▸ EXERCISE DIRECTIONS: Everything from the line that contains "Sinar 150mm f5.6" to the end of the records below, both lines included, should be transcribed exactly and returned alone.
START MATERIAL TO PROCESS
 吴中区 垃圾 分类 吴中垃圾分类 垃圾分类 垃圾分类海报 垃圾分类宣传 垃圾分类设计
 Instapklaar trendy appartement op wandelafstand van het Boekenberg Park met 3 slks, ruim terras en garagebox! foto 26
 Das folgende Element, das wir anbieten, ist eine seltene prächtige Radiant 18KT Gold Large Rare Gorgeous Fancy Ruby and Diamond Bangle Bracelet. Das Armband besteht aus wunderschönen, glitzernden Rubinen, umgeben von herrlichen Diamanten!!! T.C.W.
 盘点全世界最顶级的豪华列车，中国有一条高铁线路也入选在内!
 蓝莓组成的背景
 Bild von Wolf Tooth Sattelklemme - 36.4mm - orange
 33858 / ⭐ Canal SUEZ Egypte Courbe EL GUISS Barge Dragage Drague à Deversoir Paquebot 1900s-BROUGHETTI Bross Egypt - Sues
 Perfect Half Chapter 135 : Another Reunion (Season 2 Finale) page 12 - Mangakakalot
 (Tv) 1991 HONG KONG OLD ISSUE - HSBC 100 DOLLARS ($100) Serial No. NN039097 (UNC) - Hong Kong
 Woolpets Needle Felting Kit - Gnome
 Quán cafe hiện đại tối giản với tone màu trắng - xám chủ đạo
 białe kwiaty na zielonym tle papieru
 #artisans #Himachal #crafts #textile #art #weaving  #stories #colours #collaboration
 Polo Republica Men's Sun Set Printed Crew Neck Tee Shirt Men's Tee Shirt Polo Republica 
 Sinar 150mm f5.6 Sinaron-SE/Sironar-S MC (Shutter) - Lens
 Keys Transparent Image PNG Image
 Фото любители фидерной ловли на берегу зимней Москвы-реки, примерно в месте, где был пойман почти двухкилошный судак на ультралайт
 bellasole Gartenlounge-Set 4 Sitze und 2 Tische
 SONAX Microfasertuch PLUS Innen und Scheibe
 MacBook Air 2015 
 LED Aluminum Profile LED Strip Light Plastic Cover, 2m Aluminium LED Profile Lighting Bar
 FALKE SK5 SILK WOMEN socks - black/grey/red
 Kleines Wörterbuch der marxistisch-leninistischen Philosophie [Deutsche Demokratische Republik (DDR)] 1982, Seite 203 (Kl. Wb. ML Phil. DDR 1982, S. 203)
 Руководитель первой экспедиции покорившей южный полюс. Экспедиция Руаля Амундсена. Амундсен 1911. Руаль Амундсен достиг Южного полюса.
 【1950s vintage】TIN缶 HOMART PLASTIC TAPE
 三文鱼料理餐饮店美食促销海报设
END MATERIAL TO PROCESS
▸ RESPONSE BELOW:
 Sinar 150mm f5.6 Sinaron-SE/Sironar-S MC (Shutter) - Lens
 Keys Transparent Image PNG Image
 Фото любители фидерной ловли на берегу зимней Москвы-реки, примерно в месте, где был пойман почти двухкилошный судак на ультралайт
 bellasole Gartenlounge-Set 4 Sitze und 2 Tische
 SONAX Microfasertuch PLUS Innen und Scheibe
 MacBook Air 2015 
 LED Aluminum Profile LED Strip Light Plastic Cover, 2m Aluminium LED Profile Lighting Bar
 FALKE SK5 SILK WOMEN socks - black/grey/red
 Kleines Wörterbuch der marxistisch-leninistischen Philosophie [Deutsche Demokratische Republik (DDR)] 1982, Seite 203 (Kl. Wb. ML Phil. DDR 1982, S. 203)
 Руководитель первой экспедиции покорившей южный полюс. Экспедиция Руаля Амундсена. Амундсен 1911. Руаль Амундсен достиг Южного полюса.
 【1950s vintage】TIN缶 HOMART PLASTIC TAPE
 三文鱼料理餐饮店美食促销海报设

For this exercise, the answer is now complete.